→ **Supplied material**
- - - -

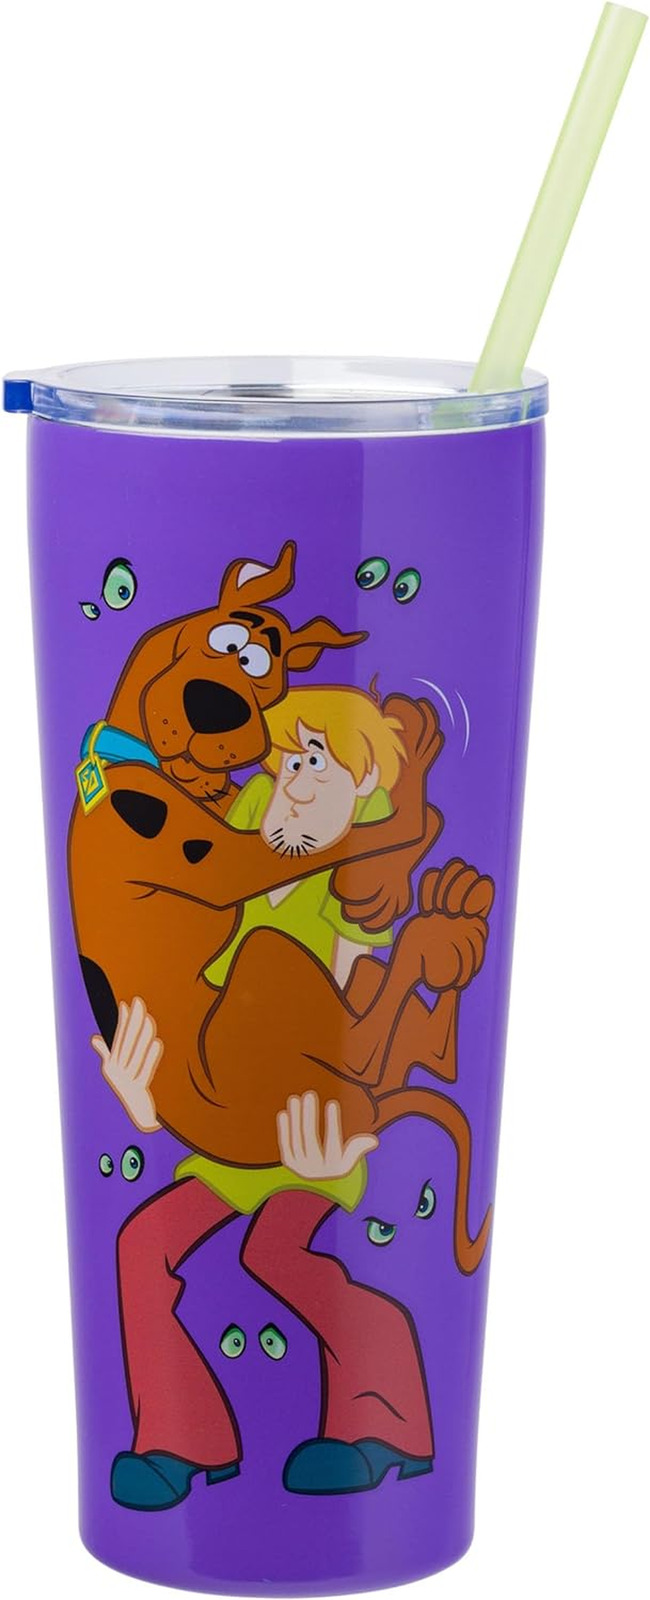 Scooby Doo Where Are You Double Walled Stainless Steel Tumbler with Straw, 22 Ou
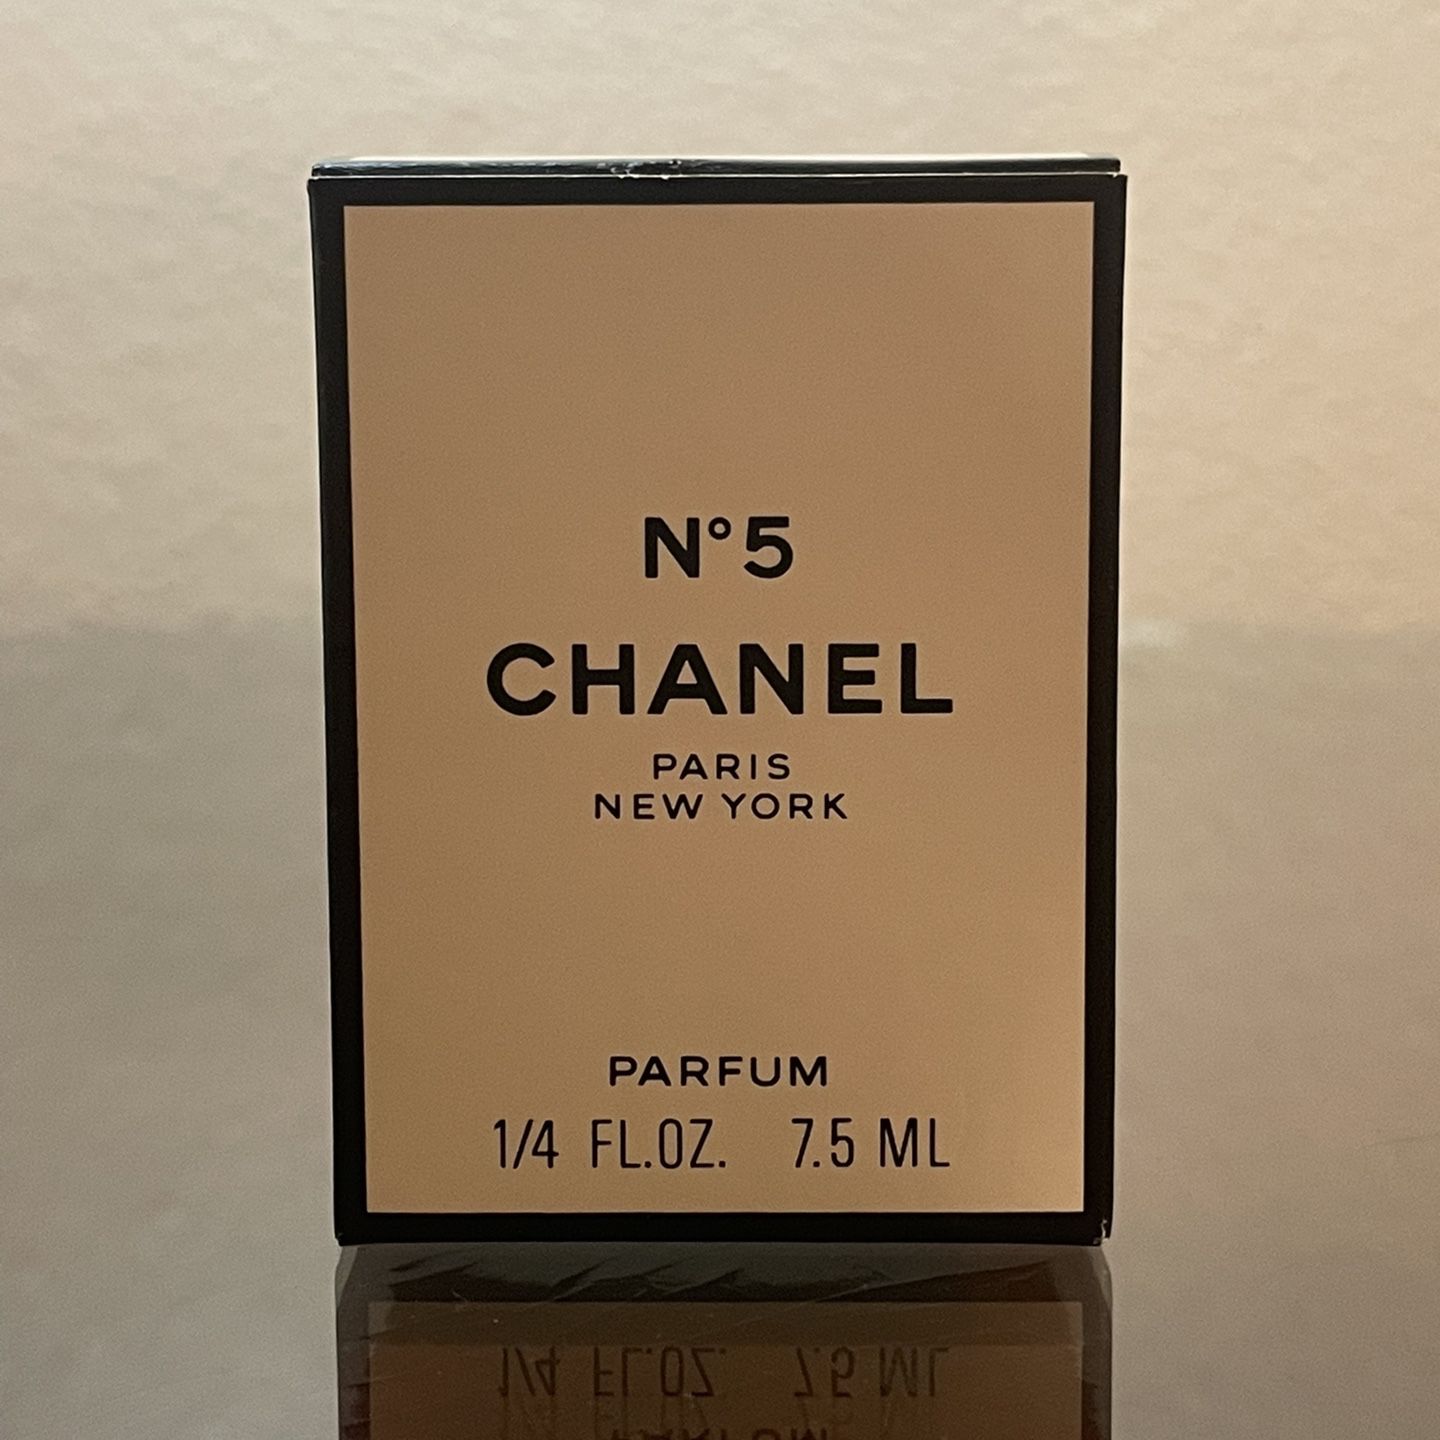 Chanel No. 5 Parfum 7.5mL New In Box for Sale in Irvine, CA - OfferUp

- - - -

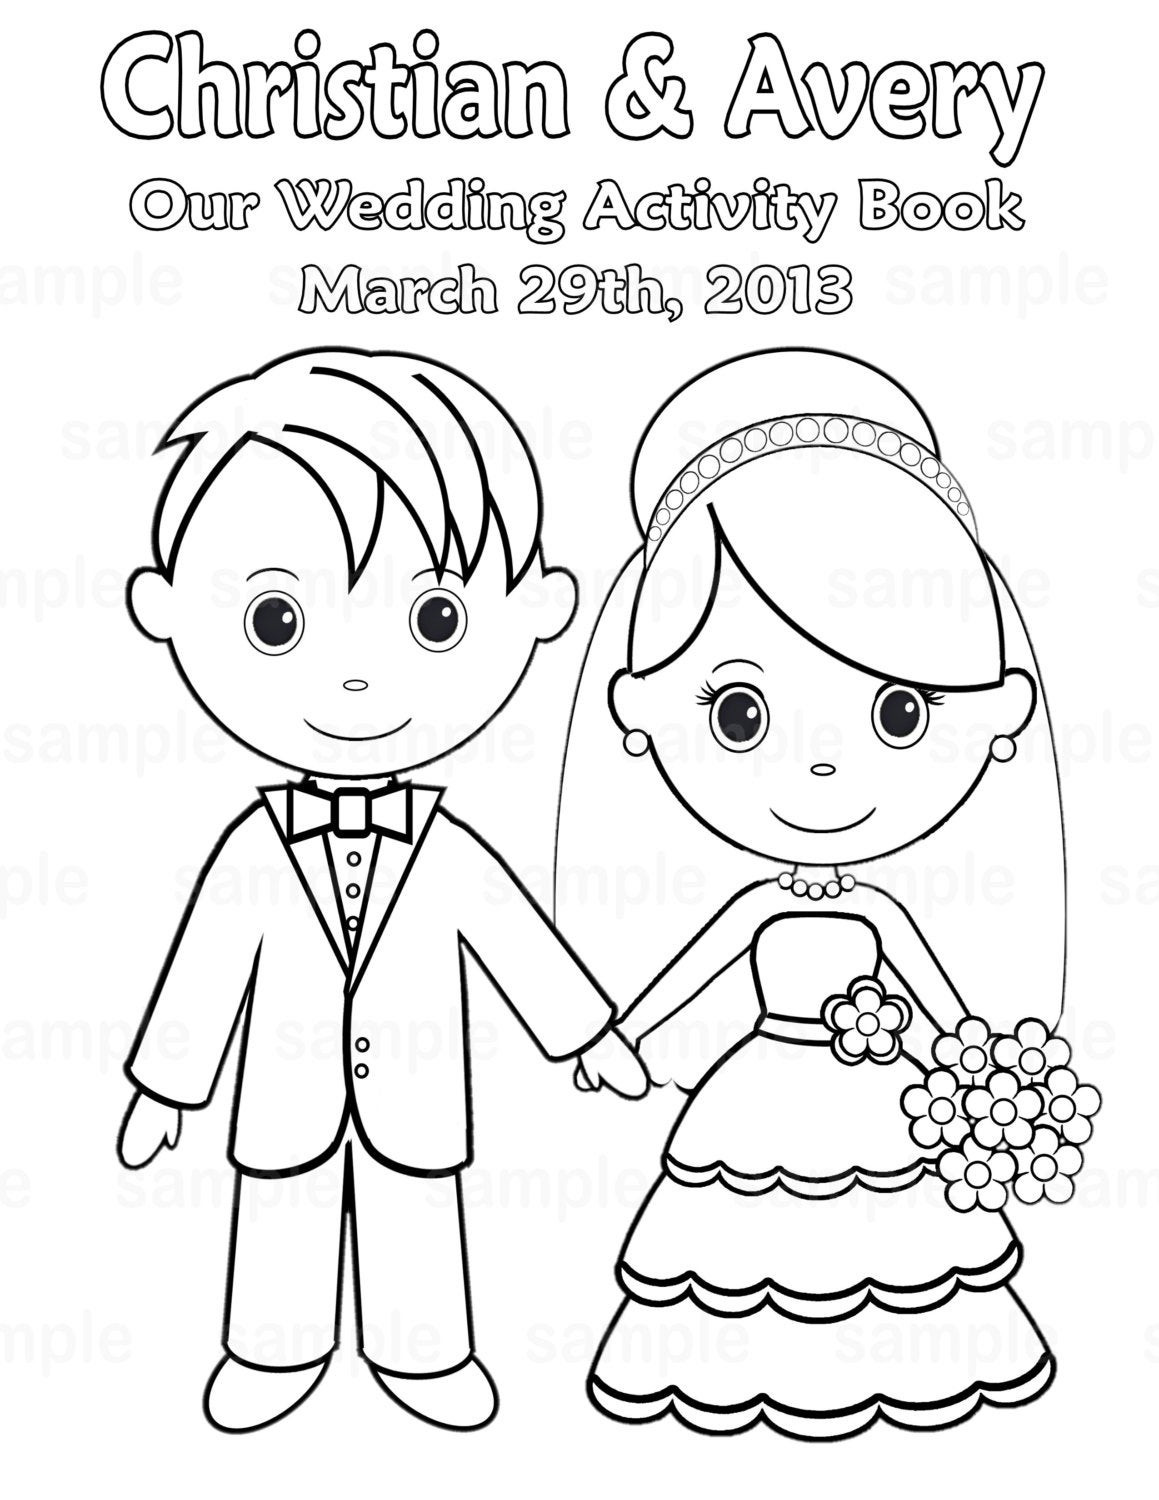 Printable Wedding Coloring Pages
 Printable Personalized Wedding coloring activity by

- - - -

→ **Assignment**
Return exactly the stretch above whose first line contains "Printable Wedding Coloring Pages" and whose last line contains "Printable Personalized Wedding", and nothing outside it. The pictures should not appear.

→ **Your solution**
 Printable Wedding Coloring Pages
 Printable Personalized Wedding coloring activity by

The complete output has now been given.